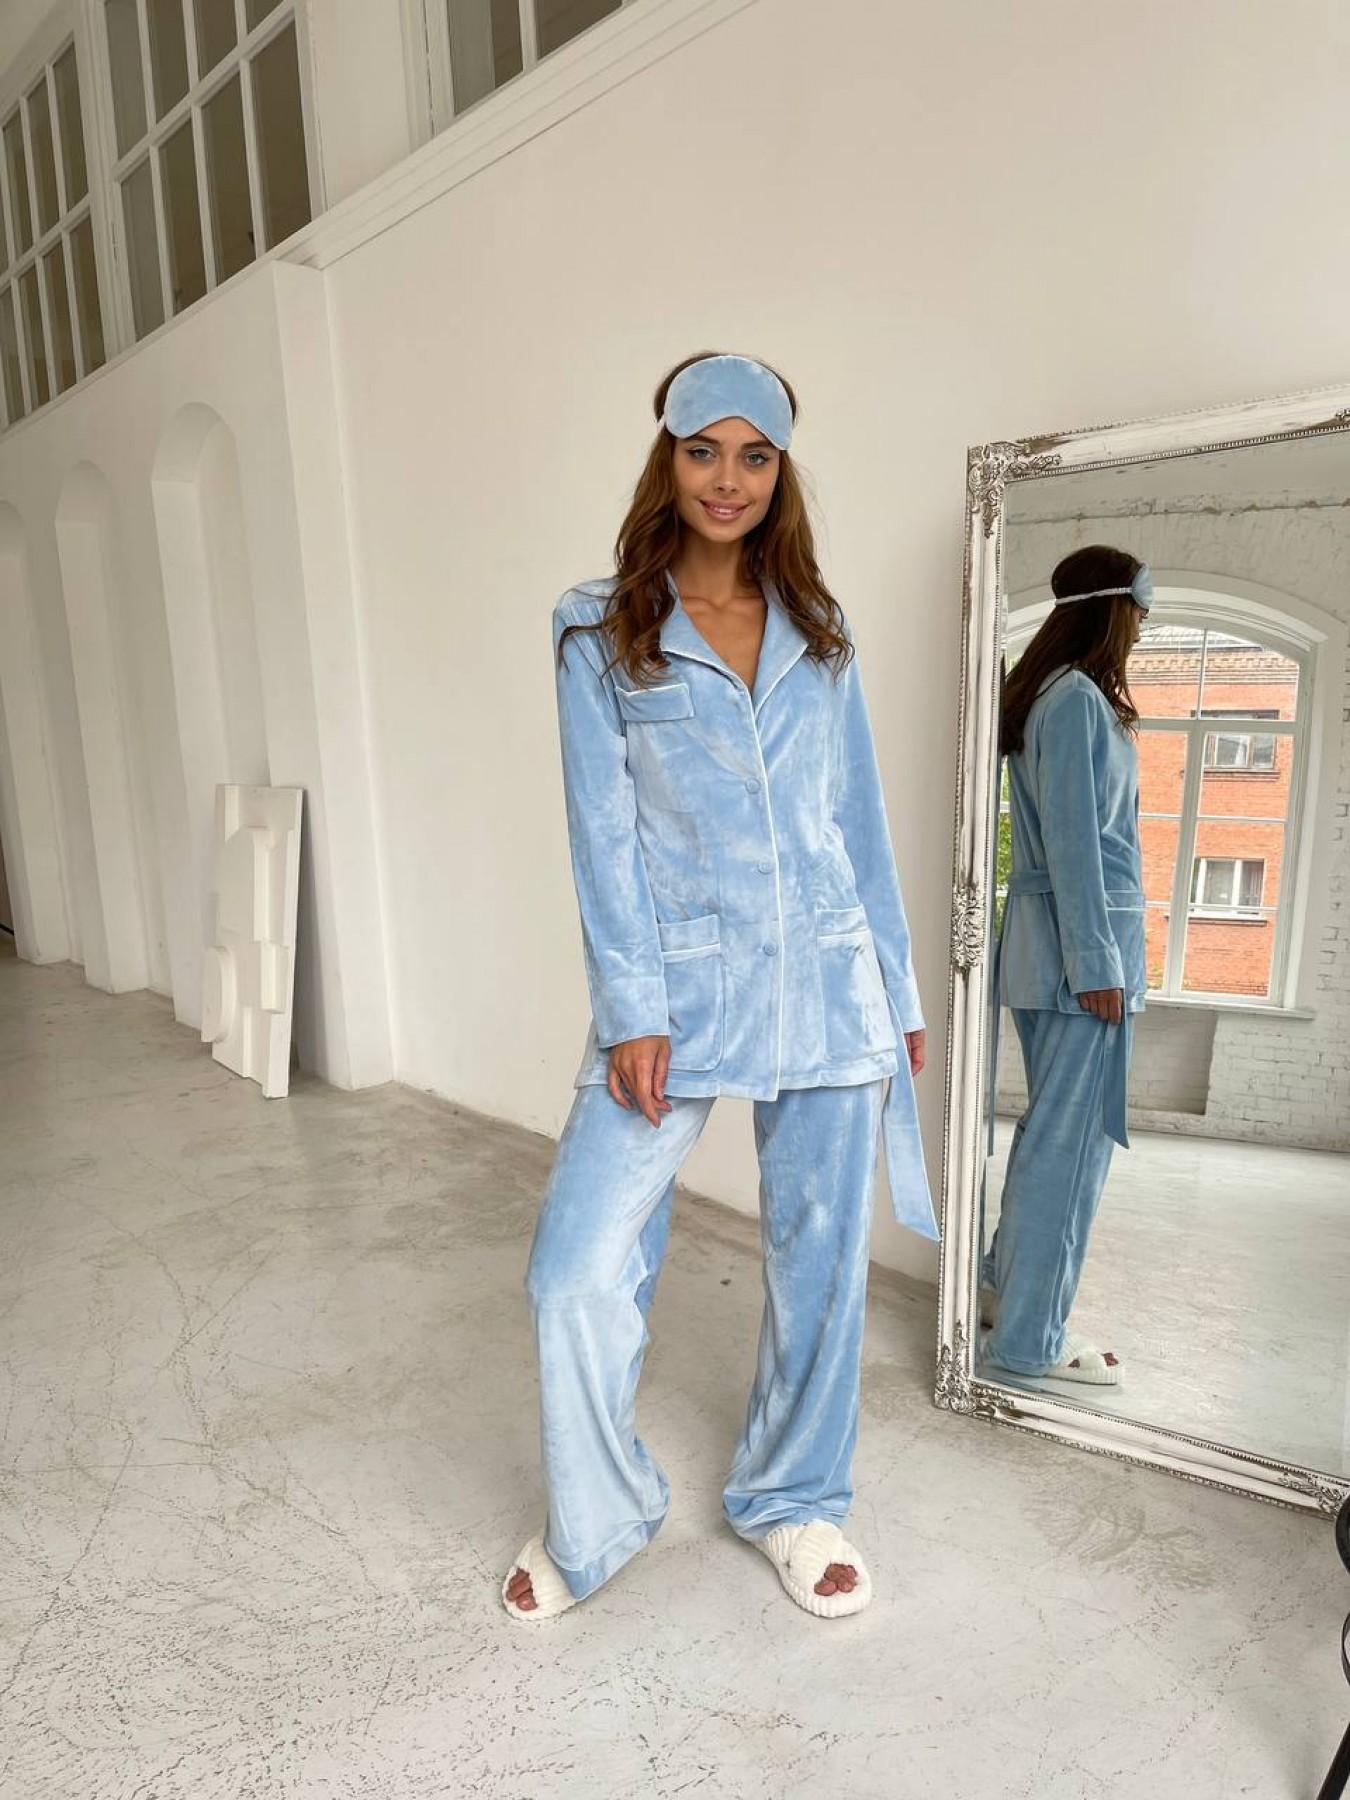 Шайн пижама велюр жакет брюки маска для сна 10353 АРТ. 46717 Цвет: Голубой - фото 5, интернет магазин tm-modus.ru
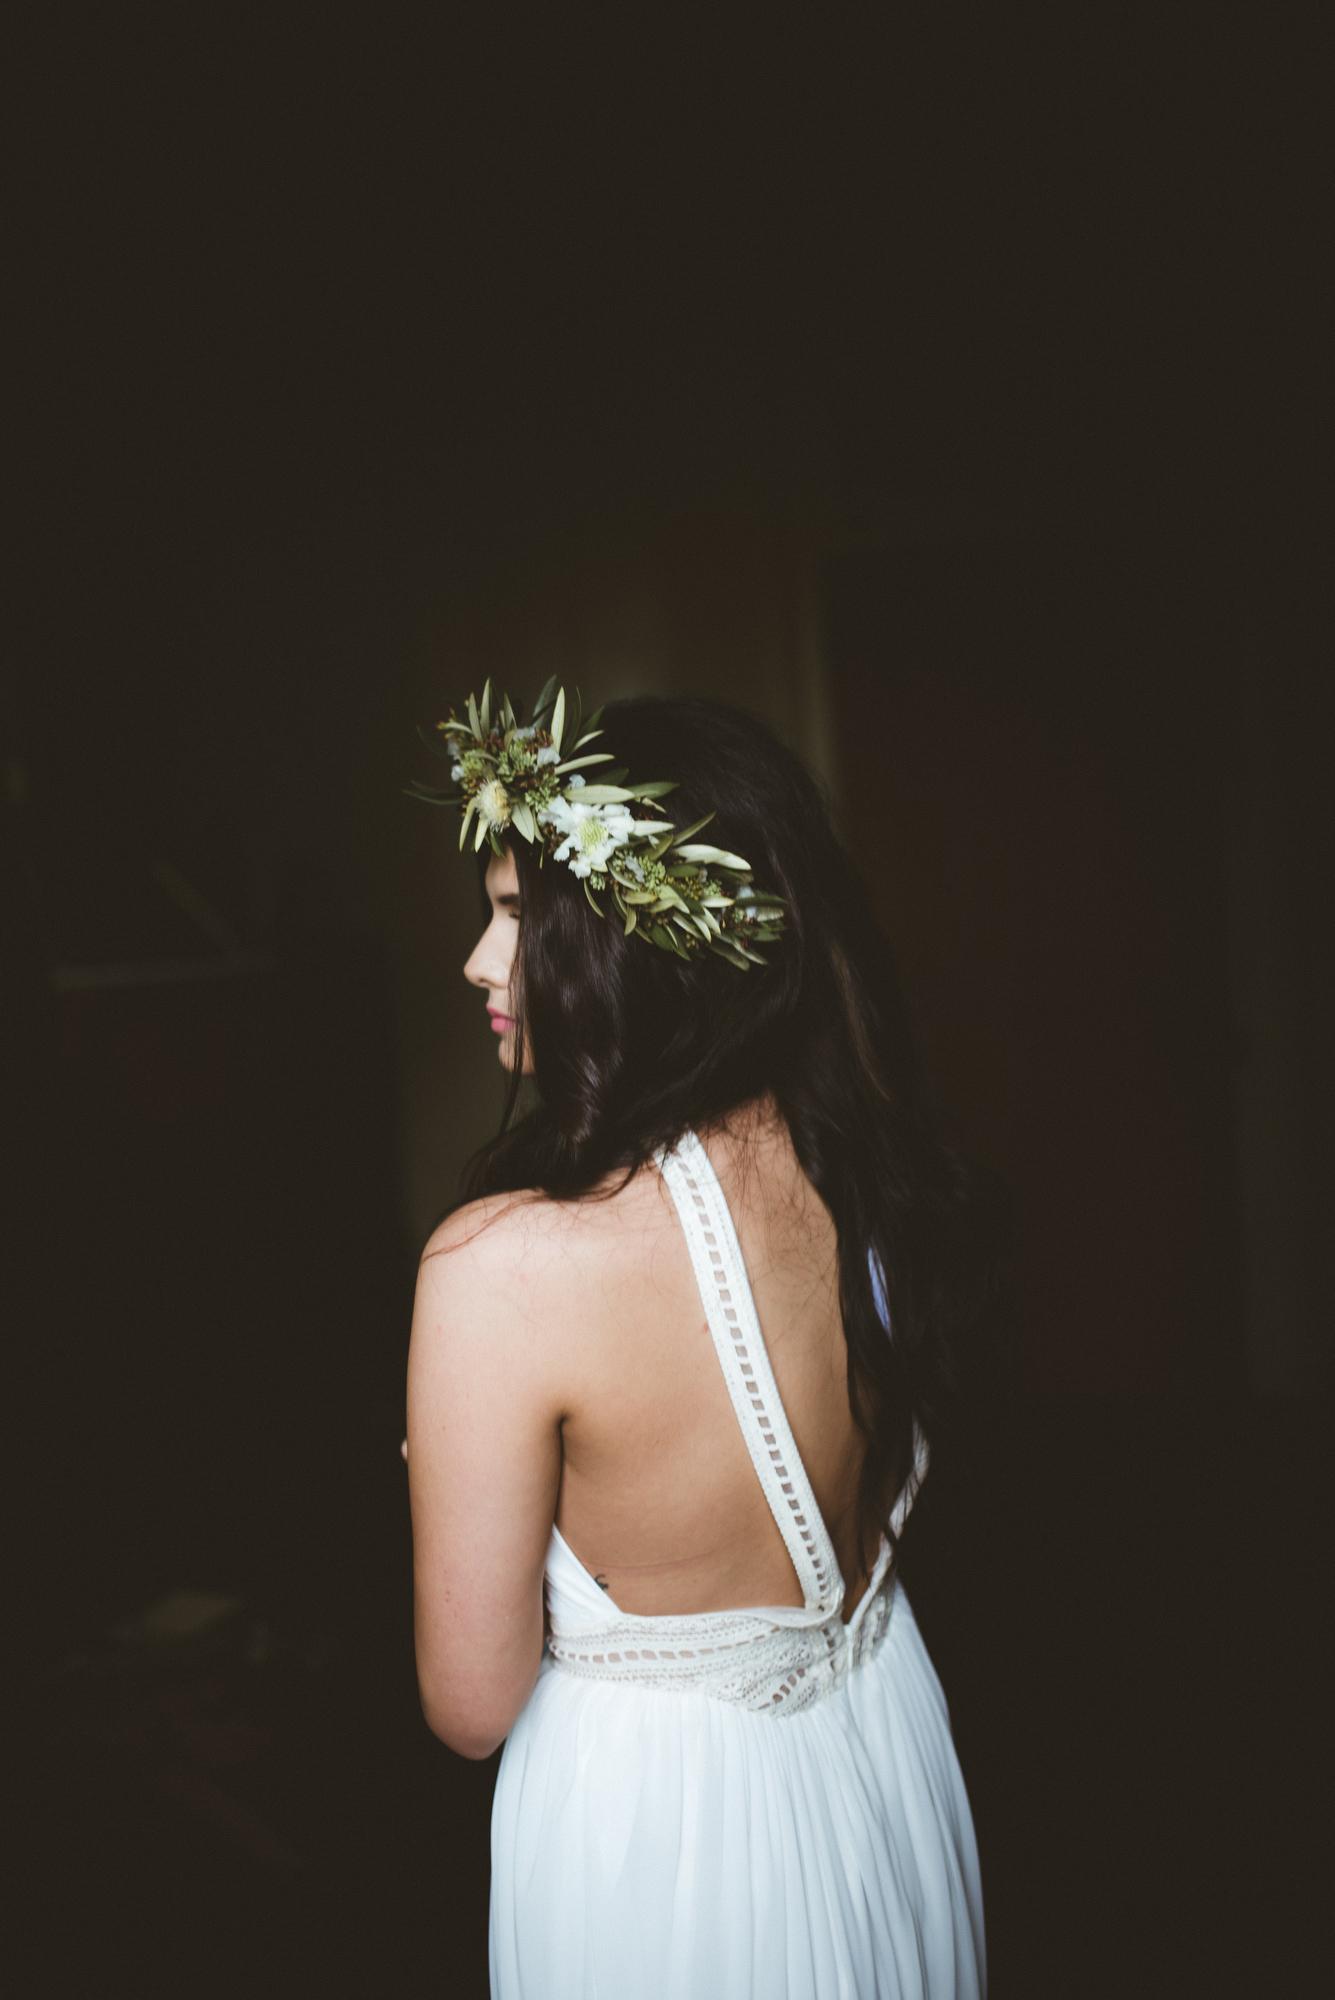 ofRen_weddingphotography043.JPG
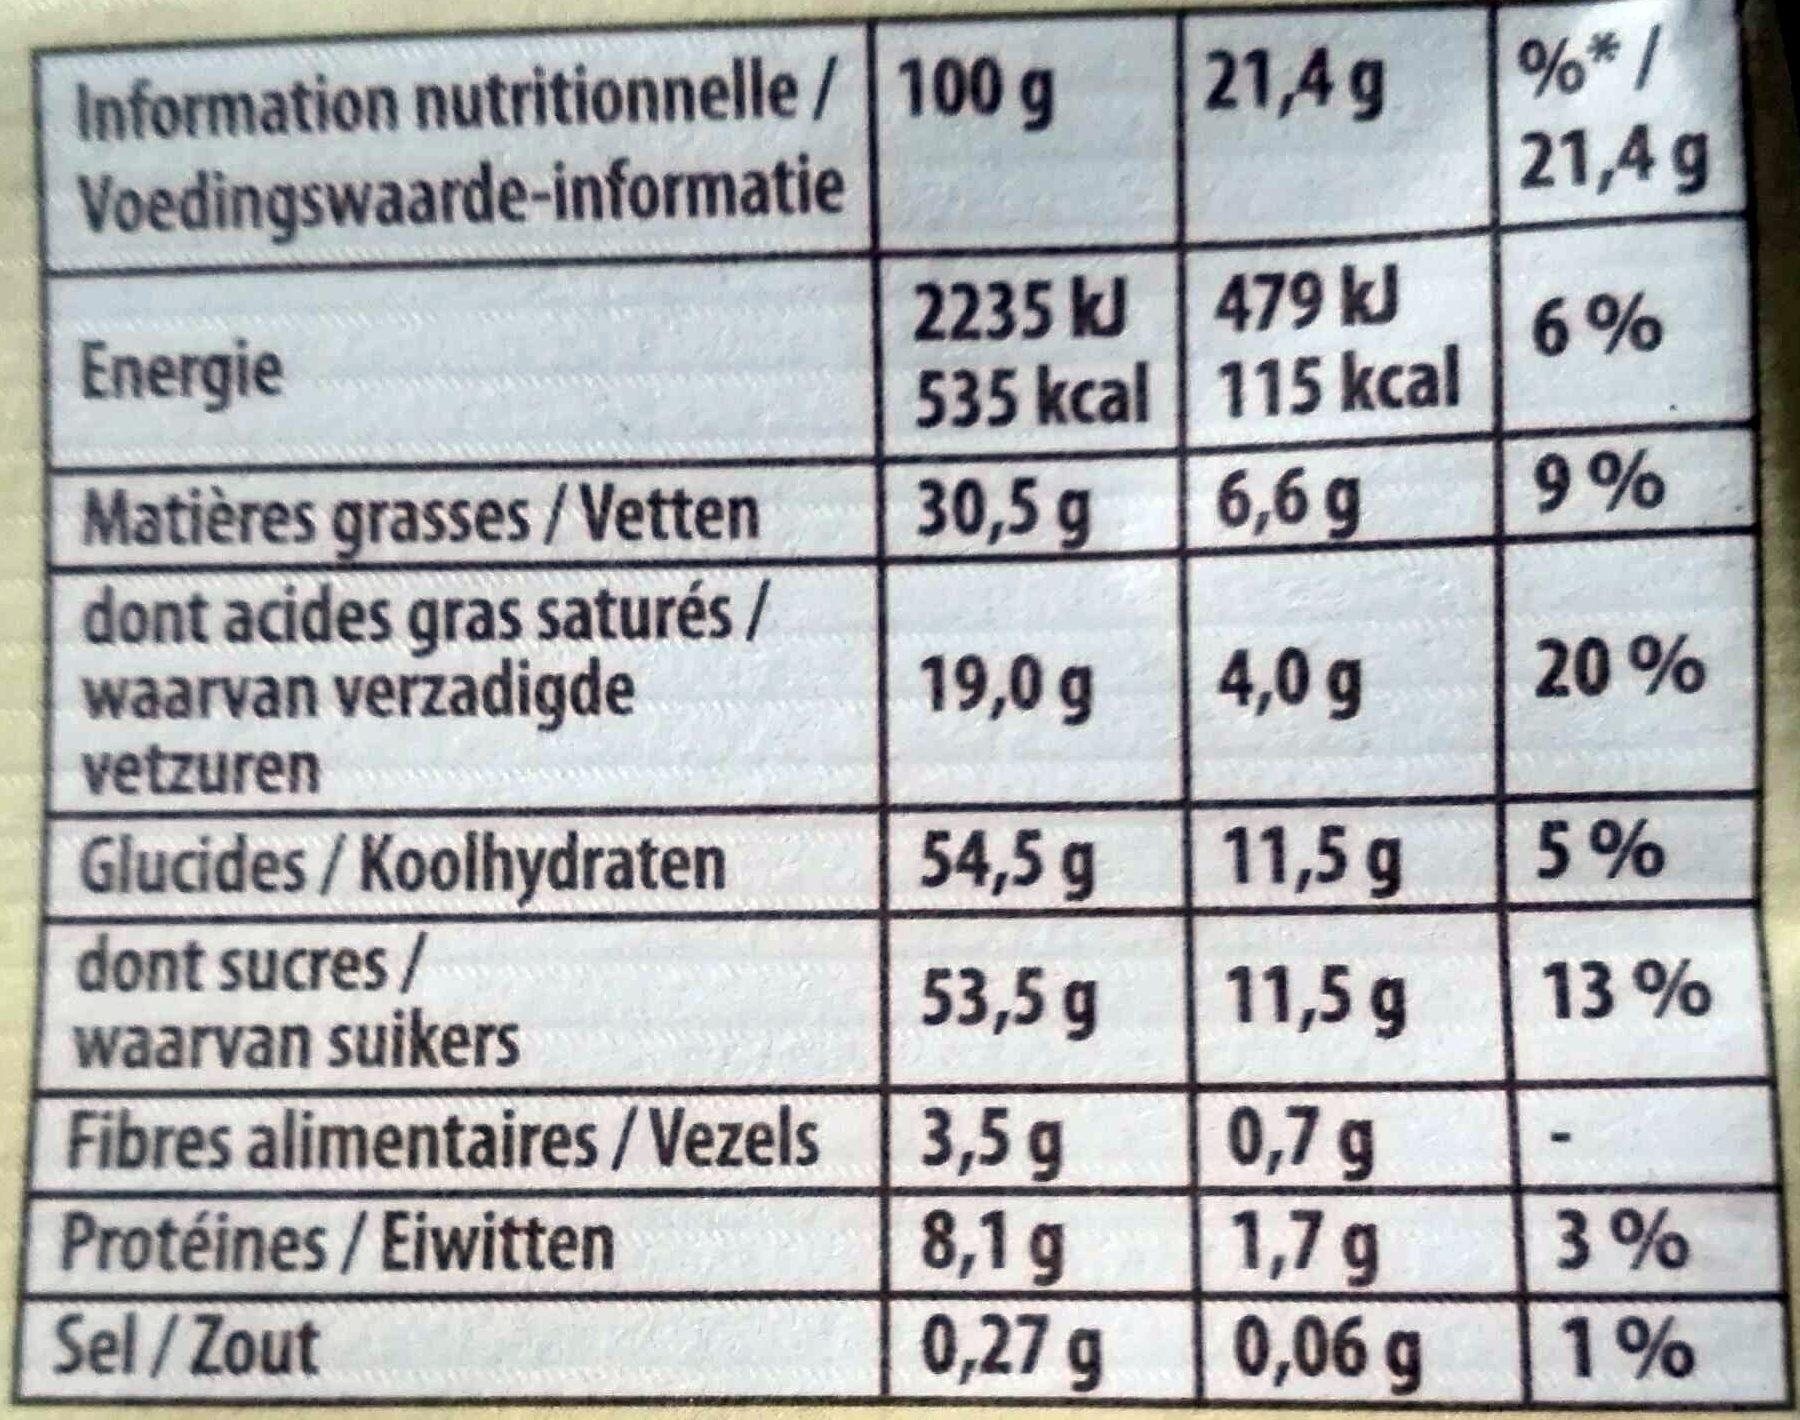 Côte d'Or Lait (33% de cacao) - Nutrition facts
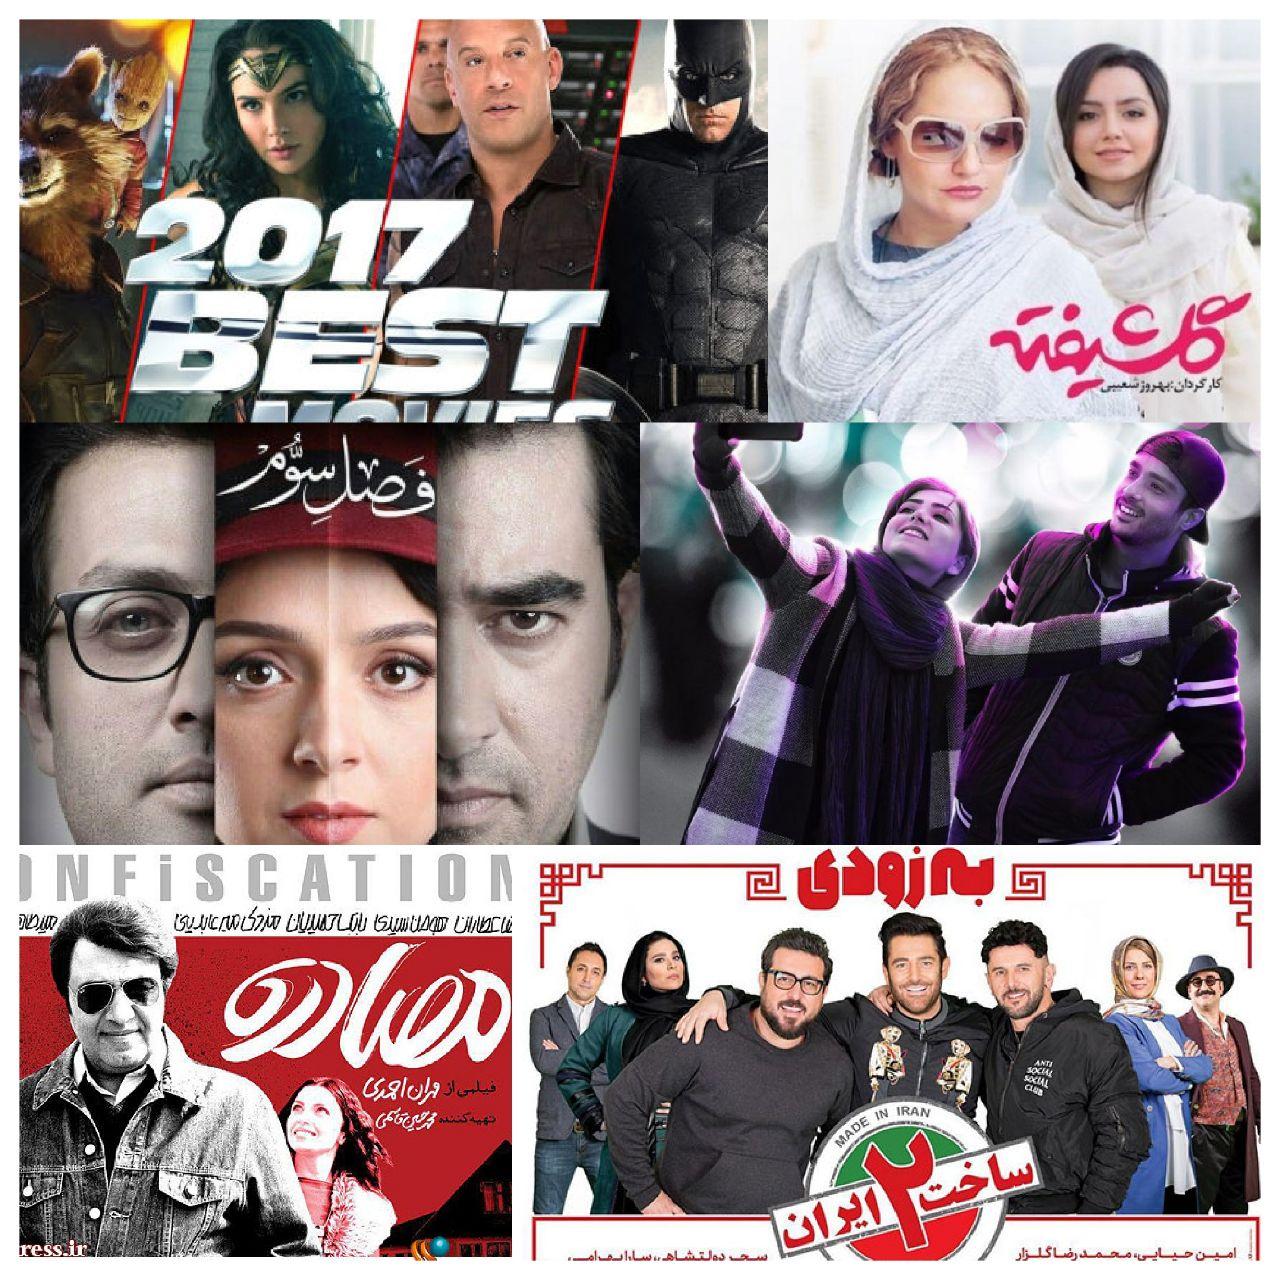 لینک های دانلود رایگان سریال شهرزاد3 ،ساخت ایران2 و گلشیفته با کیفیت عالی

※

Write out the data exactly, but not its pictures.

 Шайн пижама велюр жакет брюки маска для сна 10353 АРТ. 46717 Цвет: Голубой - фото 5, интернет магазин tm-modus.ru
 ofRen_weddingphotography043.JPG
 Côte d'Or Lait (33% de cacao) - Nutrition facts
 لینک های دانلود رایگان سریال شهرزاد3 ،ساخت ایران2 و گلشیفته با کیفیت عالی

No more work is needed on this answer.